Hayek dejó más claro qué tienen los precios de mercado que los convierten en una herramienta tan vital, y por qué los precios fijados por el Estado no eran un sustituto adecuado. La idea básica es la siguiente: En una economía avanzada y compleja, dependemos de la especialización y de la división del trabajo. Nadie sabe hacerlo todo. No hay neurocirujanos que también sean grandes fontaneros, electricistas, poetas, traductores y expertos en política exterior. Pero todo el mundo sabe hacer algo. Así que todos hacemos cosas diferentes, y luego hacemos que esas diferentes piezas encajen.

División del conocimiento

Del mismo modo, las economías avanzadas y complejas se basan en una división del conocimiento. Nadie lo sabe todo sobre la economía. Nadie sabe más que una pequeña parte. Pero todos sabemos algo. Todos tenemos algún conocimiento económicamente relevante: tal vez sobre la industria en la que trabajamos, la región en la que vivimos o, si no hay nada más, todos conocemos nuestras propias preferencias mejor que nadie.

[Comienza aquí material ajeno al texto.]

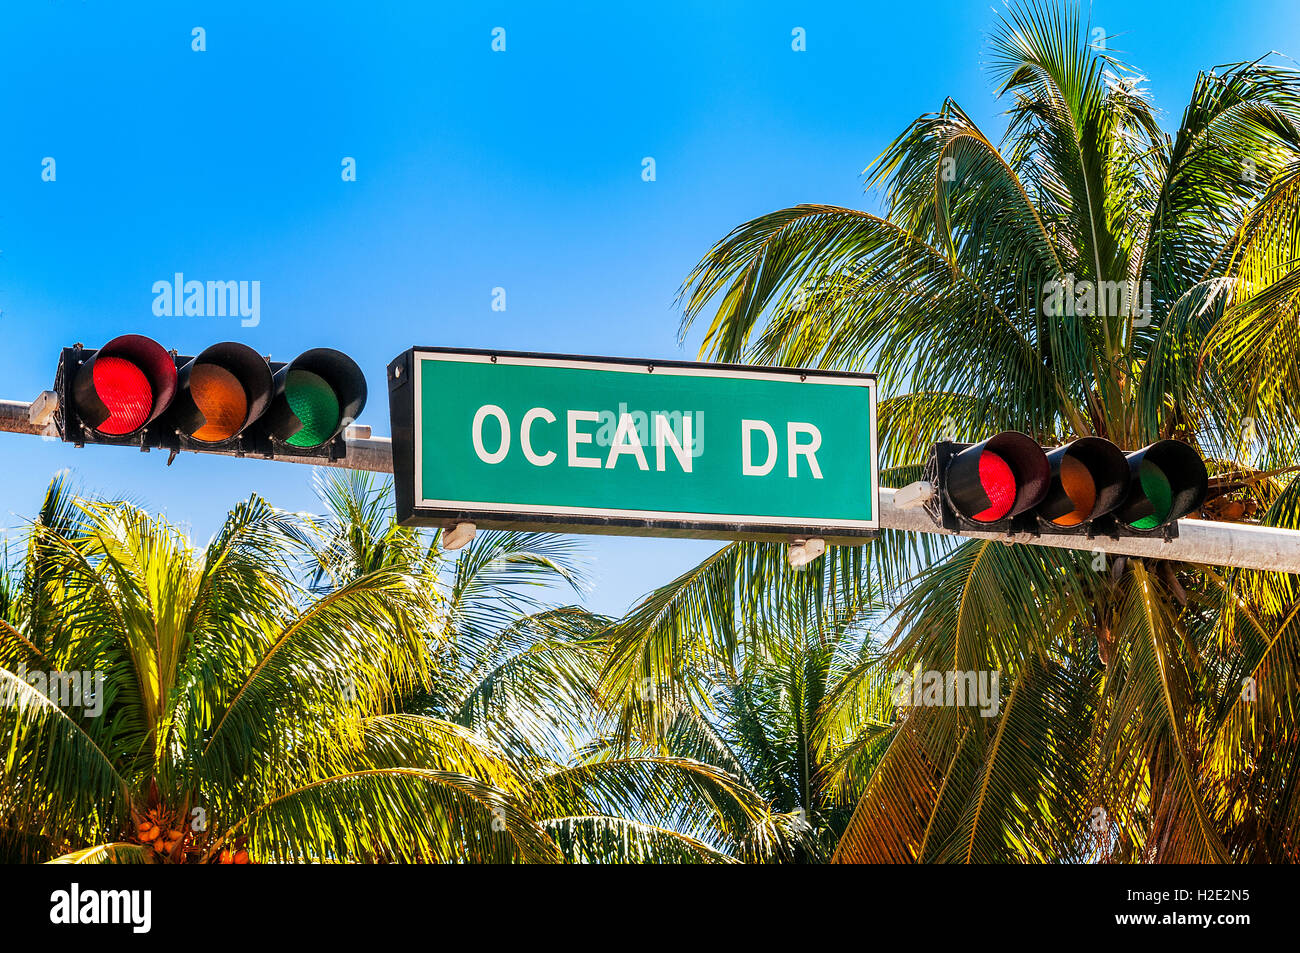 Miami beach, Floride, USA Stock Photo

Todos aportamos conocimientos al mercado. El mercado agrega todos esos conocimientos y los difunde. Un ejemplo que Hayek utilizó fue el de una caída repentina de la oferta de estaño en algún lugar del mundo; o alternativamente, se descubre un nuevo uso industrial del estaño, lo que provoca un aumento de la demanda.

La mayoría de nosotros no tenemos ni idea de ese sector de la economía. No sabemos nada de la minería del estaño, y no tenemos ni idea de que esto haya ocurrido. Pero no necesitamos saberlo. Todo lo que tenemos que hacer es observar que los precios del estaño, y los precios de los productos que contienen estaño, han subido, y reaccionar a ello de alguna manera.

Precios y orden

Las empresas que utilizan estaño para fabricar, por ejemplo, muebles, pueden buscar algún sustituto. Los consumidores pueden cambiar a un producto alternativo que utilice menos estaño o, si eso no es posible, simplemente reducir su consumo de productos que contengan estaño. Al mismo tiempo, alguien, en algún lugar, detectará la oportunidad de obtener beneficios e intentará introducir en el mercado nuevos suministros de estaño o sustitutos cercanos.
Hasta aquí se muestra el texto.